Johanna Spyri  (12 juni 1827 –  7 juli 1901)

 

De Italiaanse dichter Sandro Penna werd geboren op 12 juni 1906 in Perugia, maar het grootste deel van zijn leven woonde hij in Rome. Een vaste baan had hij nooit. Hij werkte mee aan diverse tijdschriften en schreef bijna uitsluitend gedichten. Door toedoen van Umberto Saba werden zijn eerste gedichten gepubliceerd in 1932. Zijn poëzie wordt gekenmerkt door zijn melancholieke kijk op homoseksualiteit. Zijn liefde voor jongens werd weerspiegeld in de voortdurende aanwezigheid van jonge jongens in zijn gedichten. In 1956 nam hij een veertien jaar oude straatjongen mee naar het huis, waarin hij samen met zijn moeder woonde. De jongen, Raffaele, bleef al met al veertien jaar bij hem. Penna’s was vaak arm en toen hij wat ouder was kwam een groep intellectuelen met een manifest in de krant Paese Sera om hem te helpen.

 

Op de pier

De wind blaast hard over de pier. Mijn ogen
vangen een rustig lichtspel op. Er vaart
een zeiljacht op zijn kant, met in de stilte
aan ’t roer een haast horizontale man.
Zachtjes en stil waait van een jongenskop
een muts, die ’t woelig zeevlak raakt zoals
een bal de lucht. En vurig als een vlam
rest mij in ’t koude spel van licht dat hoofd
met wapperende haren.

 

Vertaald door Frans van Dooren

 

The light was fadeless

The light was fadeless where a soldier sat
in solitude upon a parapet.
He turned his back on all the countryside
until the melancholy bride appeared.
The sun had bound us both with one strong thread:
dead we were, but we did not know it yet.

 

I must be growing old

I must be growing old, if I could stay
seated so long a journey, seeing nothing
except the rain, if but one weary ray
of silent life… (The workmen occupied
my train and then abandoned it; they bore
from suburbs to the tenderness of lakes
their slumber with the tools they always carry.)
I too-in bed at last-aloud I cried:
“Men are we all, and less debased than weary!”

 

Vertaald door Francis Henchy

penn3

Sandro Penna (12 juni 1906 – 21 januari 1977)

 

De Duitse dichter, schrijver en graficus Christoph Meckel werd geboren op 12 juni 1935 in Berlijn.
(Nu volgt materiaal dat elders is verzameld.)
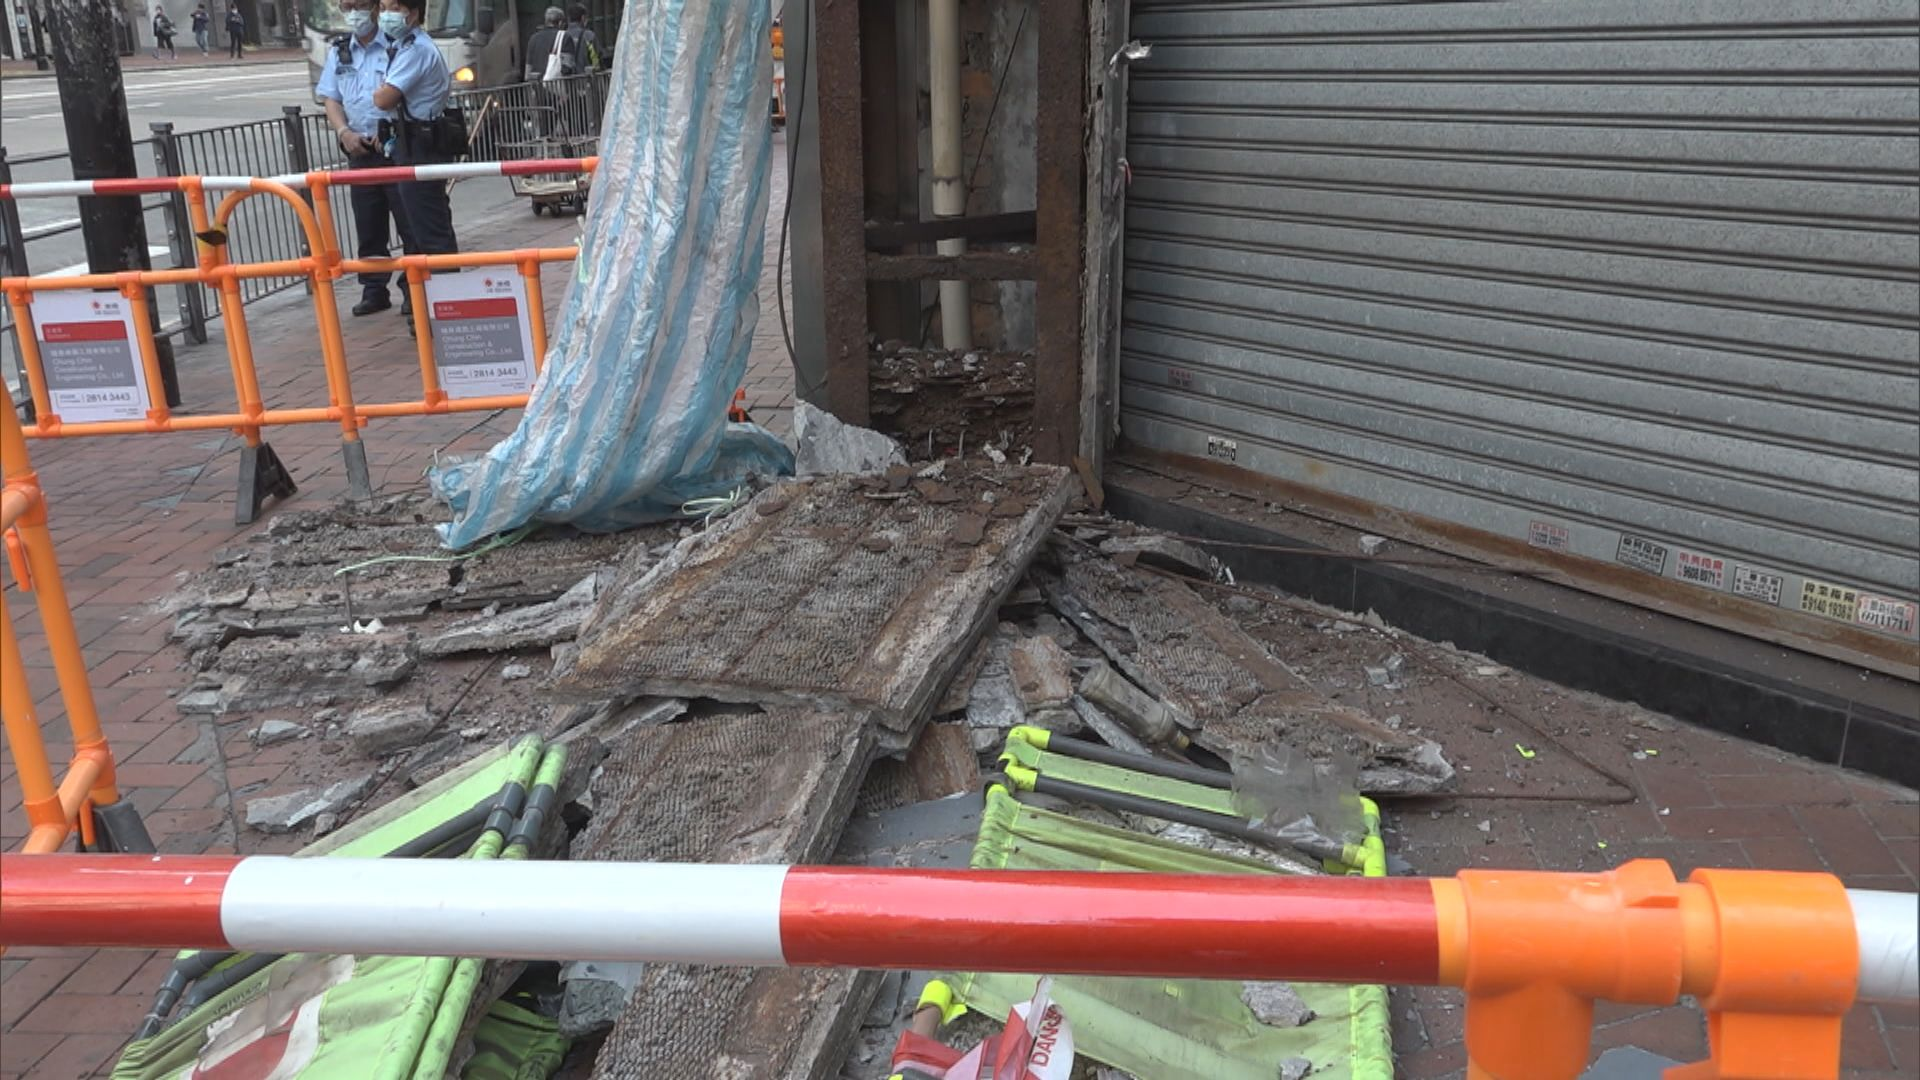 北角新時代廣場外裝飾磚牆倒塌 無人傷

Zie ook mijn blog van 12 juni 2006.

Augen

Diese offnen Augen
und du bist
in der Bläue
die kein Sommer ist

Bläue ohne Duft
und ohne Jahr
schattenlose
die kein Winter war

Sonnen, Zeiten, Räume
alle leer
namenlose Bläue
ohne Meer

ohne Abgrund
Ahnung, Alter, Licht
nichts als Bläue
blind vor dem Gesicht.

 

Dass Du

Dass Du
mir nicht zerfällst
im Traum
nicht zwischen den Händen
Gesicht unkenntlich
Augen aus Salz und Kohle
Finsterwasser
Gestalt ohne Umriß
ohne Duft, ohne Schatten
verlorener als Nichts
denn es fehlt die Gewißheit
des Todes

Meckel

Christoph Meckel (Berlijn, 12 juni 1935)

 

De Amerikaanse schrijfster Rona Jaffe werd geboren op 12 juni 1932 in New York. Zij schreef 16 boeken, waarvan „The Best of Everything“ het bekendste is. De roman werd in 1959 verfilmd met Joan Crawford in de hoofdrol. Haar laatste roman „The Road Taken“ publiceerde zij in 2000.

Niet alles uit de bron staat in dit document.